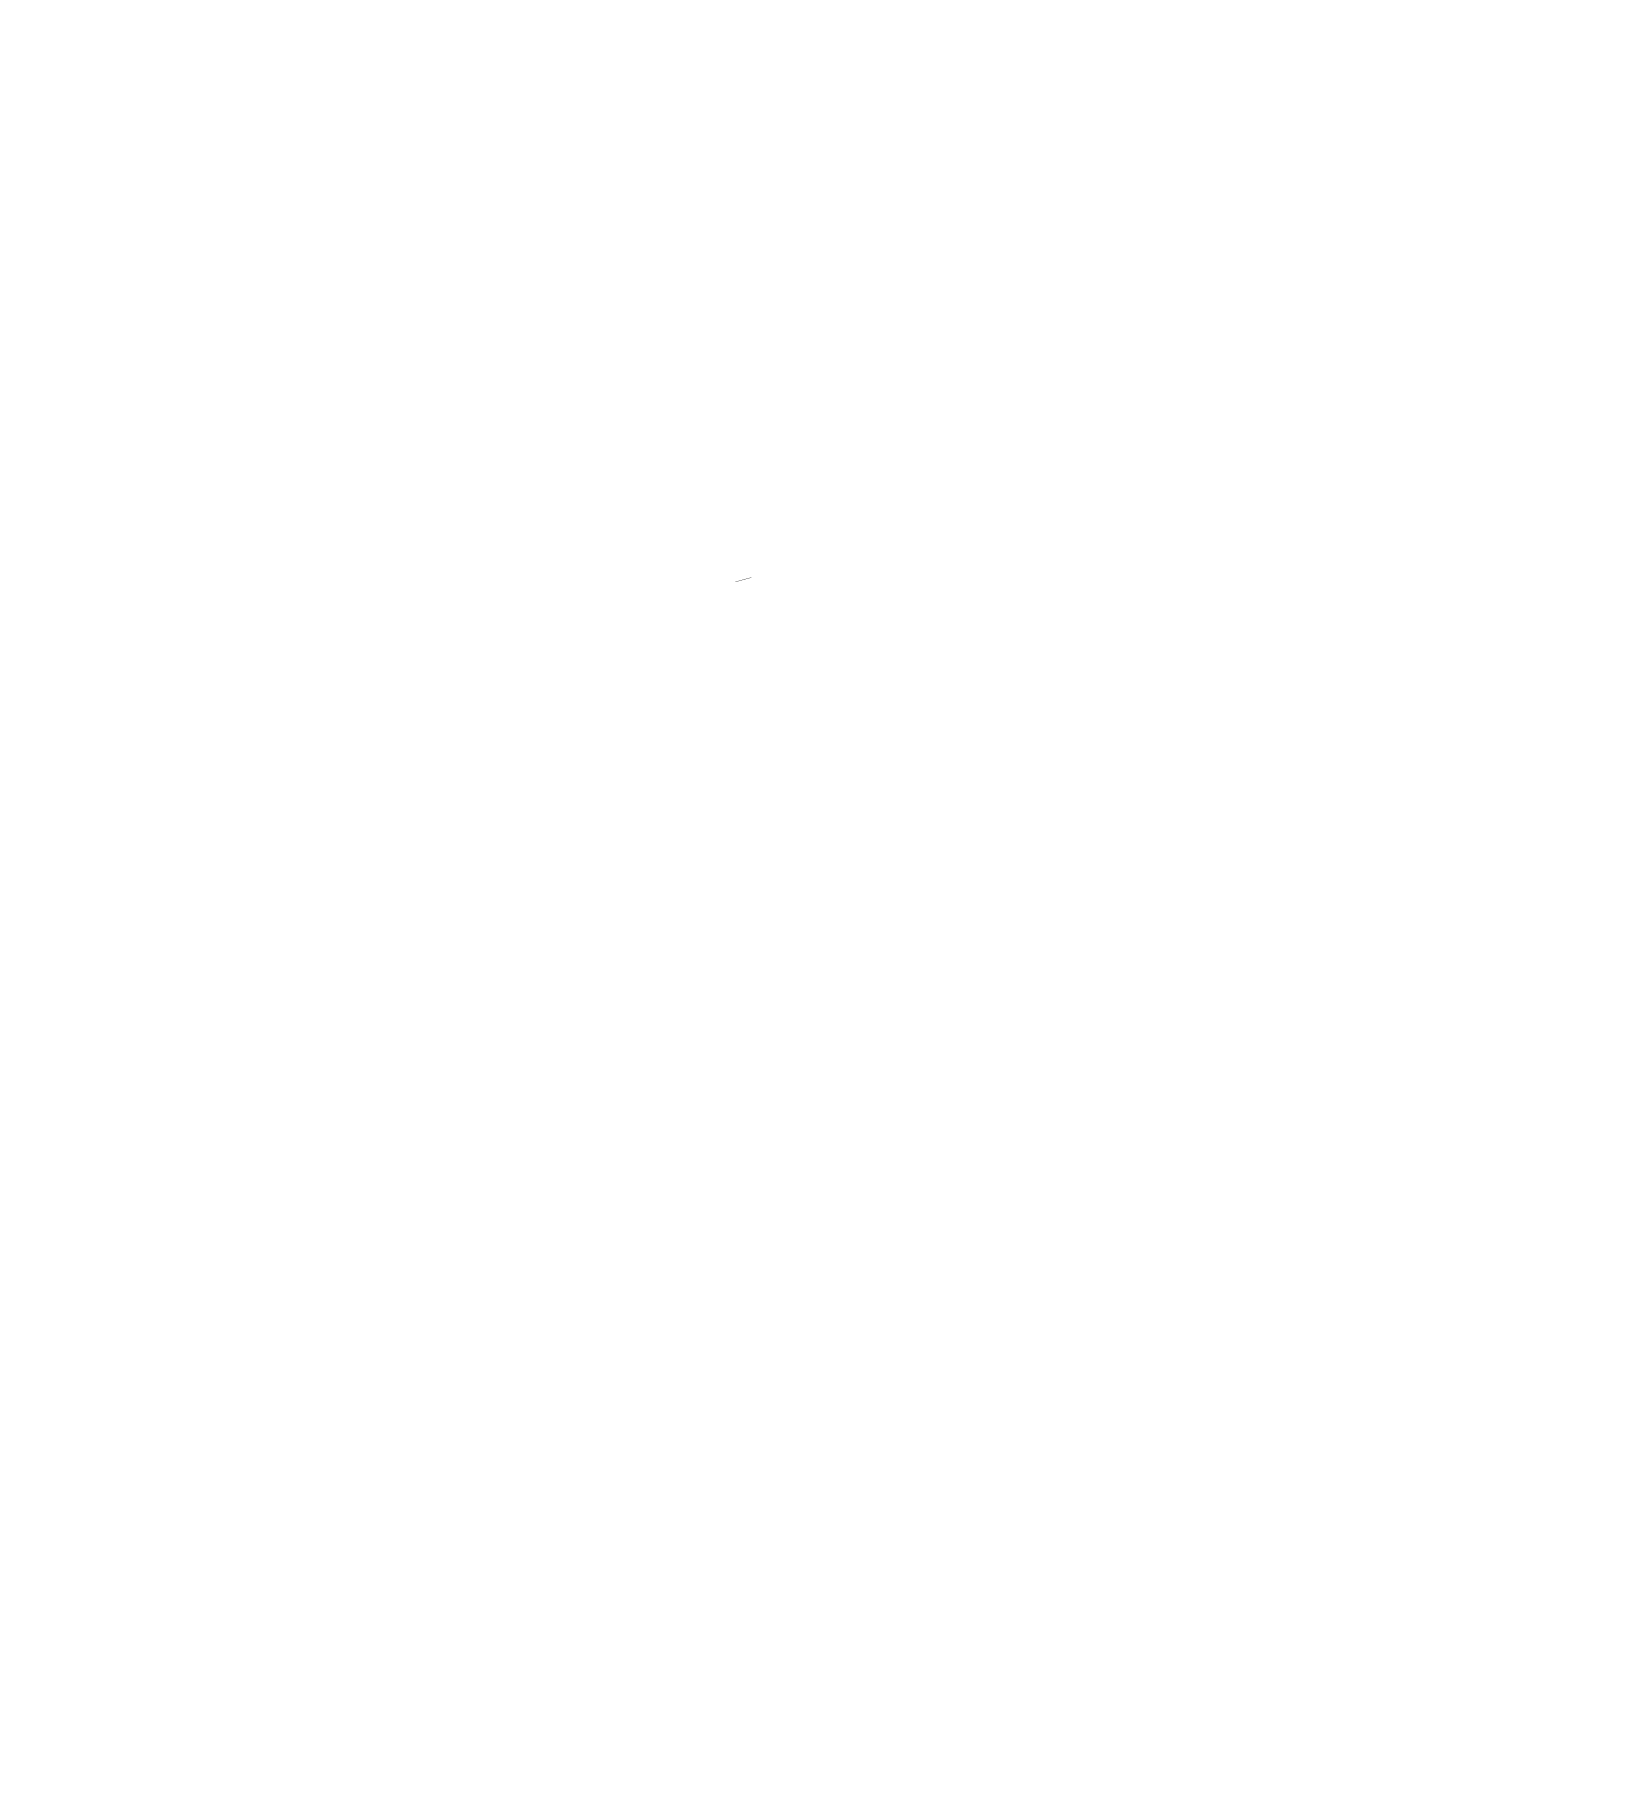 Cryo and Sports Recovery Logo
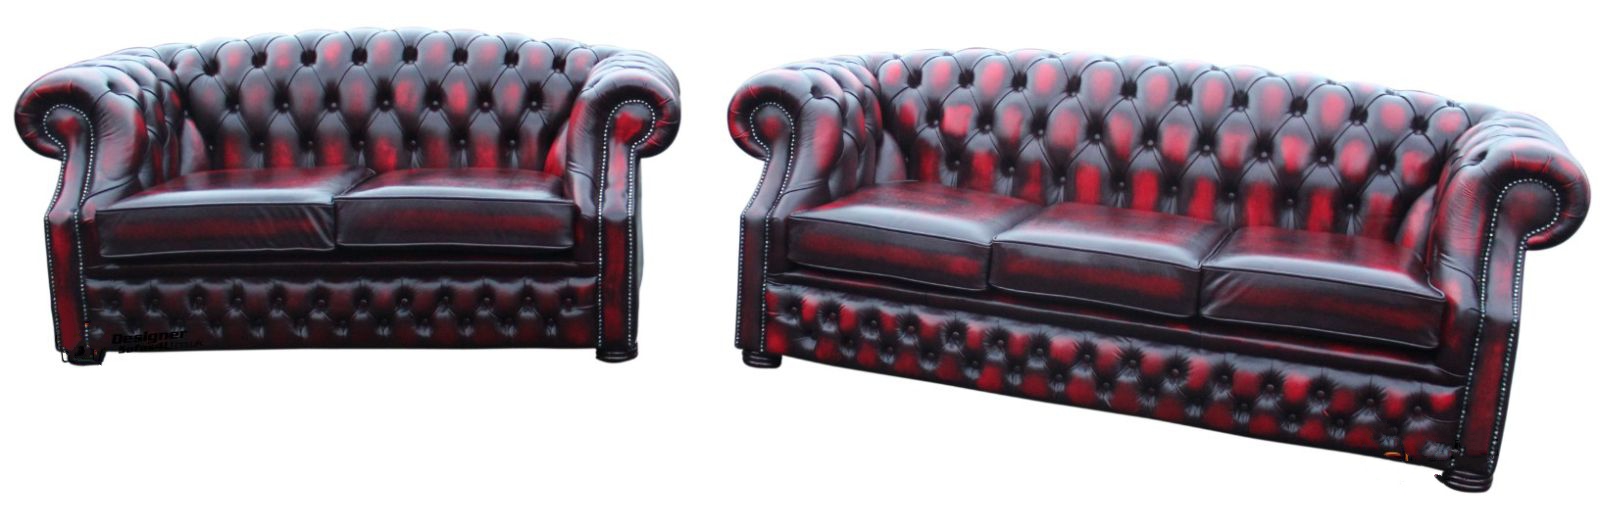 Product photograph of Chesterfield 3 2 Seater Antique Oxblood Red Leather Sofa Suite In Buckingham Style from Chesterfield Sofas.
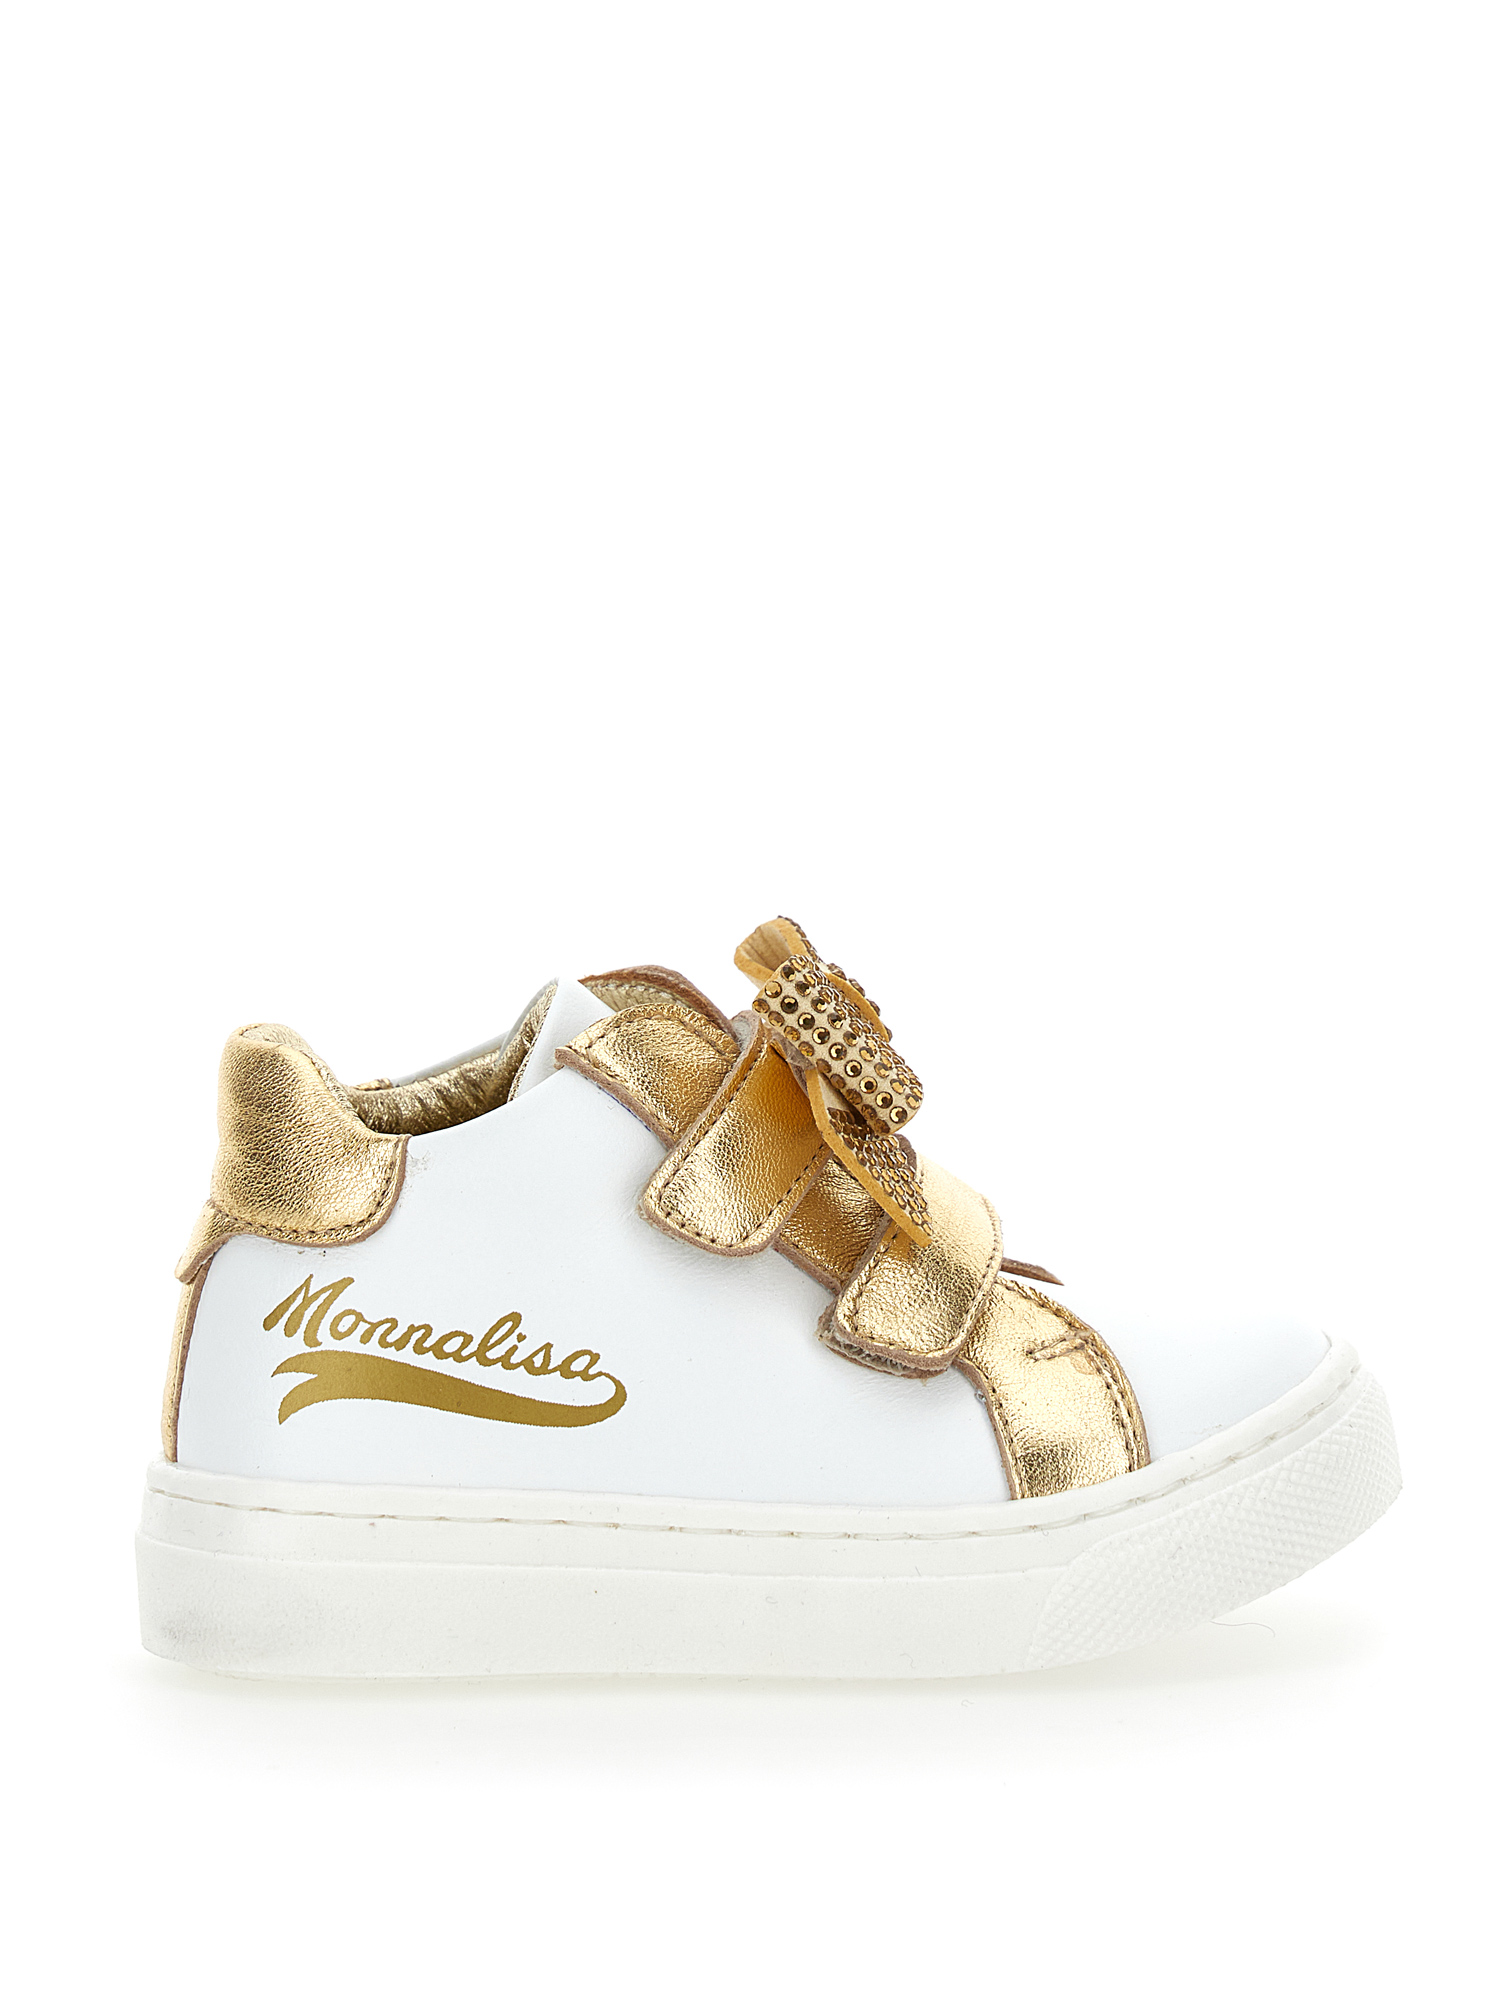 Monnalisa Two-tone Nappa Sneakers With Bow In Cream + Light Gold

==================================================

Output precisely the lines in the material above from the line containing "Product photograph of" through its last line, and omit pictures.

EXERCISE SOLUTION
 Product photograph of Chesterfield 3 2 Seater Antique Oxblood Red Leather Sofa Suite In Buckingham Style from Chesterfield Sofas.
 Monnalisa Two-tone Nappa Sneakers With Bow In Cream + Light Gold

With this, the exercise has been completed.